Loading...

Machine Learning - Classification Curve

General

In this classification example, our goal is to develop a predictive model that can determine the likelihood of passengers surviving the ill-fated Titanic voyage based on two critical factors: “age” and “fare”. The objective is to demonstrate how to plot ROC curves, Precision-Recall curves, or even gain curves by building a logistic regression model. Furthermore, we will illustrate how to create these curves using just two columns: one for probabilities and one for predictions.

Let’s begin by importing VerticaPy.

import verticapy as vp

Let’s import the titanic dataset from verticapy.datasets.

from verticapy.datasets import load_titanic

data = load_titanic()

Let’s create a logistic regression model using the entire dataset.

# Importing the Vertica ML module
import verticapy.machine_learning.vertica as vml

# Importing the Metrics module
import verticapy.machine_learning.metrics as vmt

# Defining the Model
model = vml.LogisticRegression()

# Defining Predictors and Response.
X = ["age", "fare"]
y = "survived"

# Fitting the model
model.fit(data, X, y)

# Adding the probabilities to the vDataFrame
model.predict_proba(data, X, name = "survived_proba", inplace = True)

# Displaying the vDataFrame
display(data)

In the context of data visualization, we have the flexibility to harness multiple plotting libraries to craft a wide range of graphical representations. VerticaPy, as a versatile tool, provides support for several graphic libraries, such as Matplotlib, Highcharts, and Plotly. Each of these libraries offers unique features and capabilities, allowing us to choose the most suitable one for our specific data visualization needs.

_images/plotting_libs.png

Note

To select the desired plotting library, we simply need to use the set_option function. VerticaPy offers the flexibility to smoothly transition between different plotting libraries. In instances where a particular graphic is not supported by the chosen library or is not supported within the VerticaPy framework, the tool will automatically generate a warning and then switch to an alternative library where the graphic can be created.

Please click on the tabs to view the various graphics generated by the different plotting libraries.

We can switch to using the plotly module.

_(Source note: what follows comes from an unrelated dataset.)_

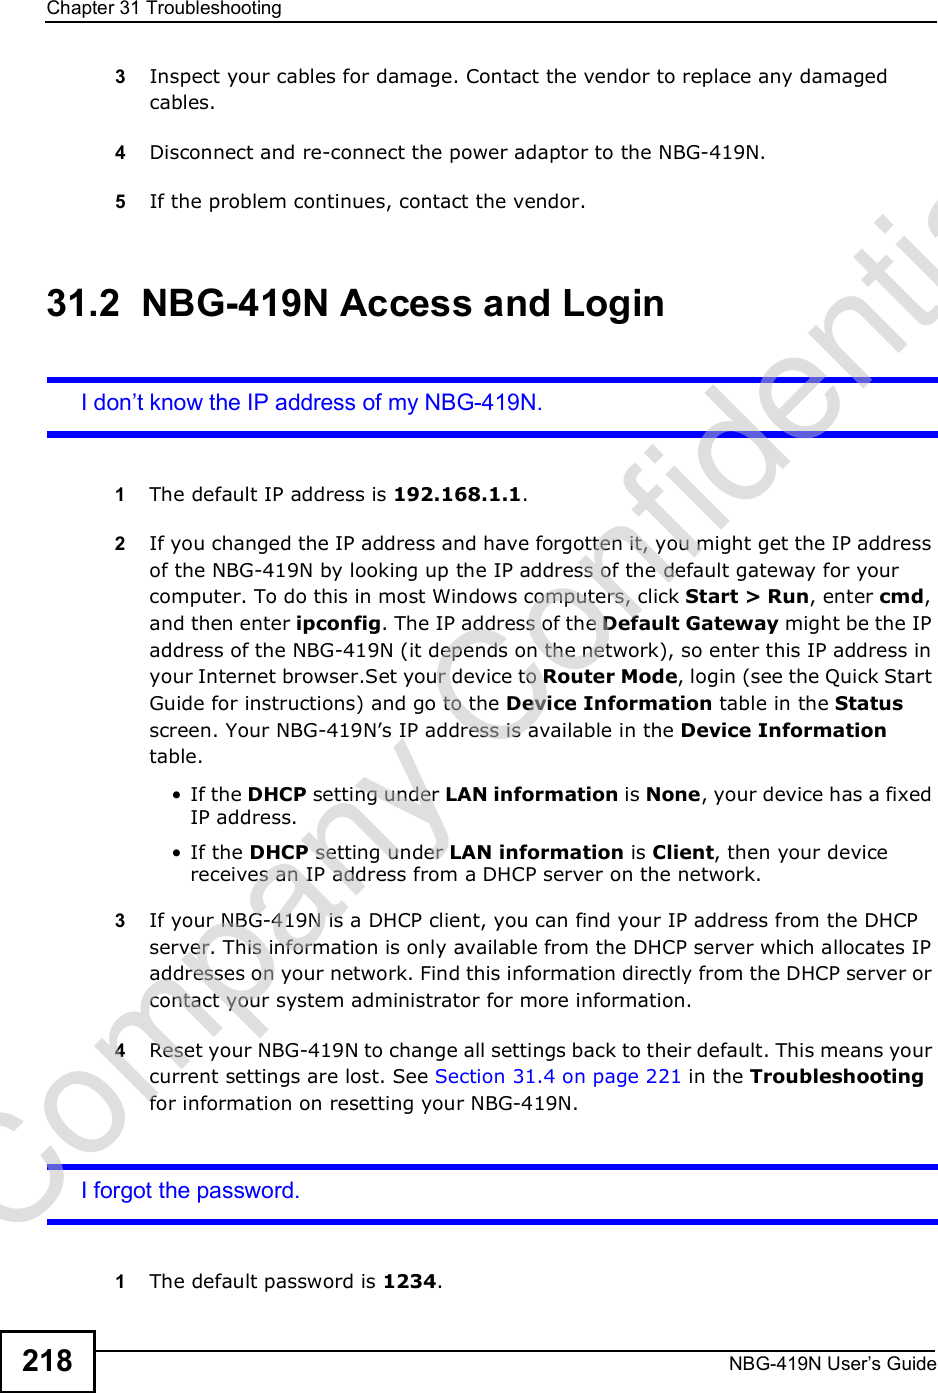 Chapter 31TroubleshootingNBG-419N User s Guide2183Inspect your cables for damage. Contact the vendor to replace any damaged cables.4Disconnect and re-connect the power adaptor to the NBG-419N. 5If the problem continues, contact the vendor.31.2  NBG-419N Access and LoginI don t know the IP address of my NBG-419N.1The default IP address is 192.168.1.1.2If you changed the IP address and have forgotten it, you might get the IP address of the NBG-419N by looking up the IP address of the default gateway for your computer. To do this in most Windows computers, click Start &gt; Run, enter cmd, and then enter ipconfig. The IP address of the Default Gateway might be the IP address of the NBG-419N (it depends on the network), so enter this IP address in your Internet browser.Set your device to Router Mode, login (see the Quick Start Guide for instructions) and go to the Device Information table in the Status screen. Your NBG-419N!s IP address is available in the Device Information table.  If the DHCP setting under LAN information is None, your device has a fixed IP address.  If the DHCP setting under LAN information is Client, then your device receives an IP address from a DHCP server on the network. 3If your NBG-419N is a DHCP client, you can find your IP address from the DHCP server. This information is only available from the DHCP server which allocates IP addresses on your network. Find this information directly from the DHCP server or contact your system administrator for more information.4Reset your NBG-419N to change all settings back to their default. This means your current settings are lost. See Section 31.4 on page 221 in the Troubleshooting for information on resetting your NBG-419N. I forgot the password.1The default password is 1234.Company Confidential

vp.set_option("plotting_lib", "plotly")

In VerticaPy, you have access to various classification curves that can be generated directly from the model. If you opt for this method, please ensure that you specify a test set for accuracy; otherwise, the curve will be based on the training set. Alternatively, you can create these curves using a probability column and a response column.

model.roc_curve()

Creating visualizations using two columns

vmt.roc_curve(y_true = "survived", y_score = "survived_proba_1", input_relation = data)